Requesting a suboptimal amount of cores will often only affect the success or failure of your job in an indirect way, possibly causing your job to run for longer than your requested walltime if you don’t request enough cores. There are some cases, however, in which requesting too few cores could cause your job to fail. For example, if you have an R package that forms a “cluster” of 4 cores, it may need an extra core to orchestrate the workflow and manage those four cores.

Job Speed

For the speed of your job, every type of resource except the walltime limit will have an effect. In most cases, requesting more than one node will not speed up your job. However, if you are using software that utilizes technology such as MPI or any inter-node communication, you could see some performance benefit from requesting multiple nodes.

Requesting more cores will typically have a noticeable effect on the speed of most jobs, to a point. Nowadays, most software is able to take advantage of multiple cores. That is to say, it can do or process more than one thing at a time. Not all software is able to take advantage of multiple cores in this way, either because of the nature of the problem the software is solving, or because the software was not written to take advantage of multiple cores. An example of a problem that could not be parallelized so to speak, would be a program that computed the Fibonacci sequence. Because of the nature of that computation, adding numbers sequentially, there is no other way to do it other than adding one pair of numbers at a time (serially). On the other hand, dividing up iterations of a loop is an example of something that could potentially be performed across multiple cores at the same time. Keep in mind that a lot of software will have its own command line parameter to specify the number of processes that will be used. This will often be a -p or a -t, but consult the documentation for the software you're using. If this software you're using has something like that, you would want to make sure you passed the same value as you did to --cpus-per-task to the corresponding command line parameter to make sure all of the cores you requested for your job are used. Depending on your software, eventually you will reach a point of diminishing returns. This means that if you were to request more and more cores, eventually you would reach a point where you no longer received any speed benefit in allocating more cores to your job.

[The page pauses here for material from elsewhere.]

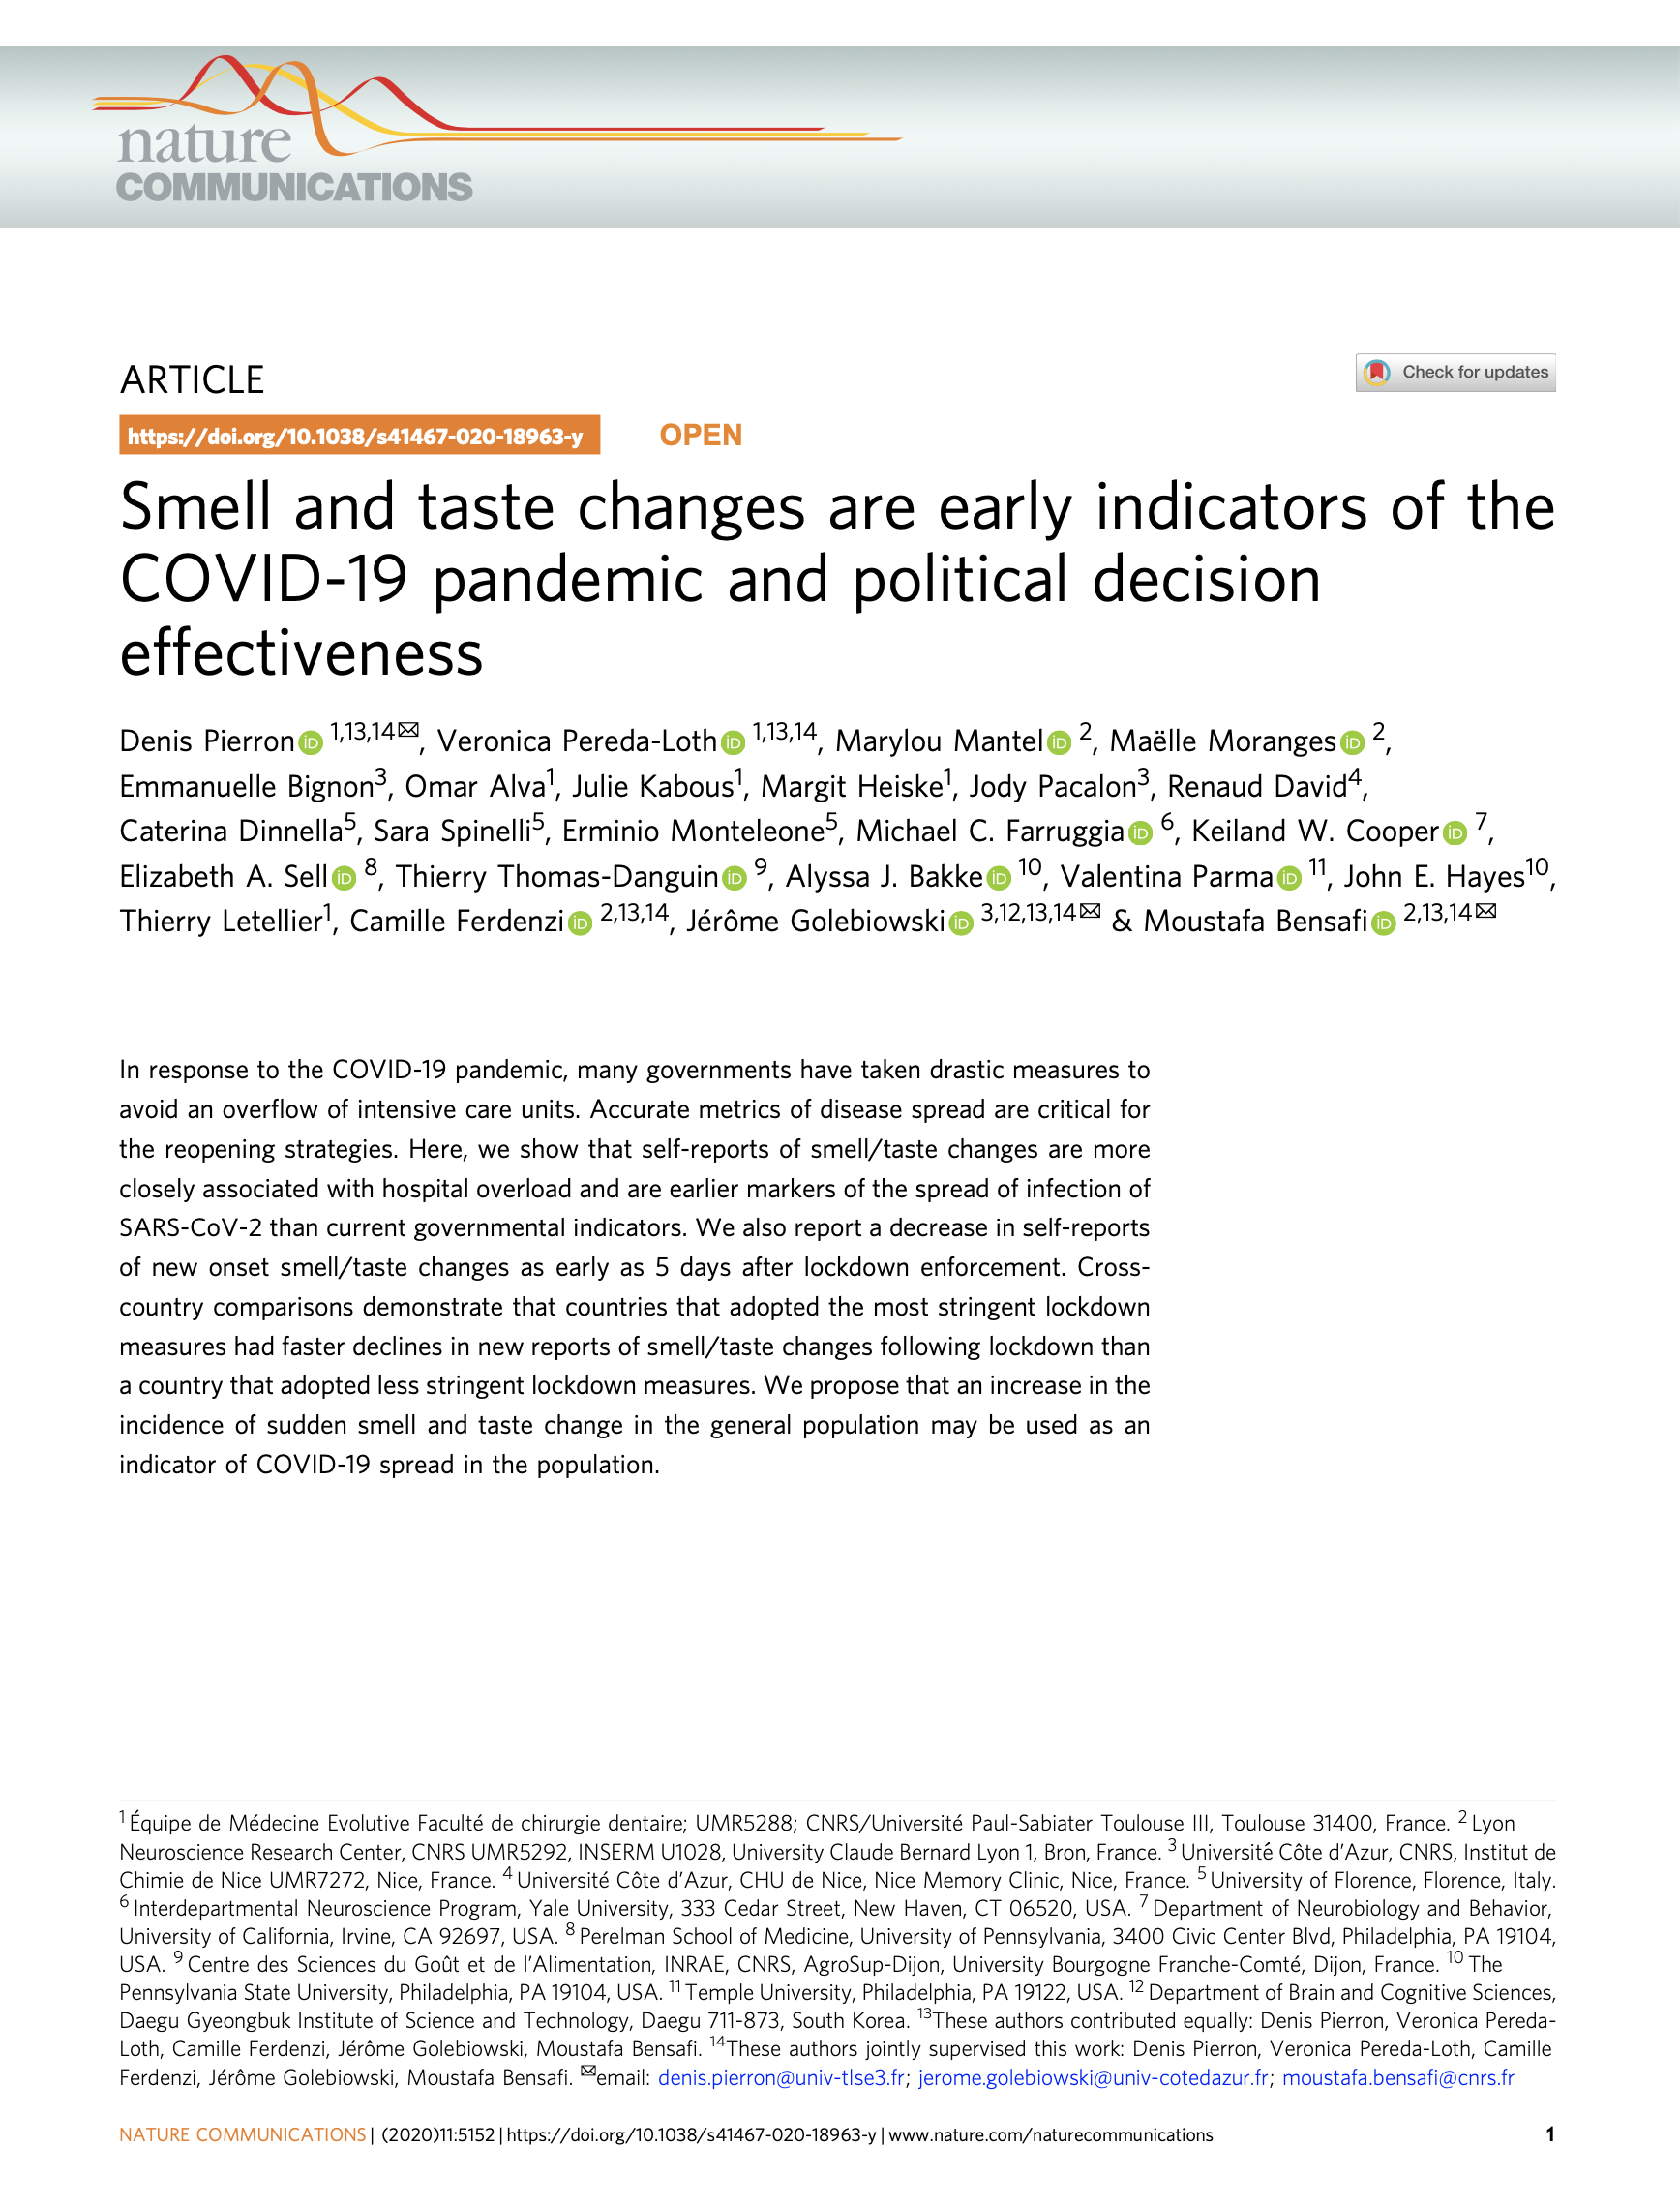 Smell and taste changes are early indicators of the COVID-19 pandemic and political decision effectiveness

Requesting more memory can also have an effect on the overall speed of your job, also to a certain point. This can be a factor of the size of your data set, the number of objects created in your code, as well as how well the software cleans up objects that are no longer in use. If you request too little memory, meaning that more data could have potentially been loaded in memory for the CPU to access at any time, your job will take longer as more time is spent waiting for data in memory to become accessible. Like cores, eventually you will reach a point where you no longer gain any additional speed by requesting more memory.

Time to Job Start

One very common issue when submitting jobs to an HPC cluster is having to wait a long period of time for one’s job to start. Although the cluster has an extremely high amount of resources, they are shared resources and must be distributed equitably. There are very advanced queueing systems on HPC clusters that have the purpose of maximizing the efficiency of resources and getting everyone’s job started as soon as possible. All four of the main types of resources will have an effect on how soon our job can start. As a rule of thumb, the more resources you request for your job, the longer you will have to wait for it to start.

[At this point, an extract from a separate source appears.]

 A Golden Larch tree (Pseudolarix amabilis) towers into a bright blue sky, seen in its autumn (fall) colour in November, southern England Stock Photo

As mentioned earlier, most software will not take advantage of multiple nodes. Unnecessarily requesting more than one node will not cause your job to fail or slow it down, but it will take longer for the queueing software to get multiple nodes for your job to use. Likewise, with cores and memory, the main downside of requesting too much of these resources is having to wait longer for the queueing software to allocate those resources to your job.

While not as initially intuitive as with the other resources, requesting higher amounts of walltime will cause the start of your job to be delayed. The reason for this is because of a technique queueing software will use to allocate resources called “backfilling.” This process looks at the hypothetical latest end time of jobs pending to start and attempts to allocate reserved resources to those jobs which will finish before the resources are needed for another pending job. For example, say we have job A currently running on a node with 32 cores, using 16 cores that will finish in two hours from now. A user submits job B that needs 32 cores, so the queueing software reserves cores on this node for Job B to be allocated once job A finishes in two hours. Immediately after job B goes in queue waiting for its resources, another user submits job C which only needs 16 cores, and a walltime of one hour. Because the queueing software knows that job C would finish before job A finishes and job B can start, it is able to allocate these 16 unused but reserved cores to job C.

This is an example of how HPC queueing software will attempt to “squeeze in” jobs so to speak to keep things moving as efficiently as possible. Many jobs are allocated resources in this way. If you were to submit a job that requested say weeks of walltime for example, it will be virtually impossible for your job to be backfilled and will require waiting for resources to become available to be reserved for the maximum hypothetical walltime of your job.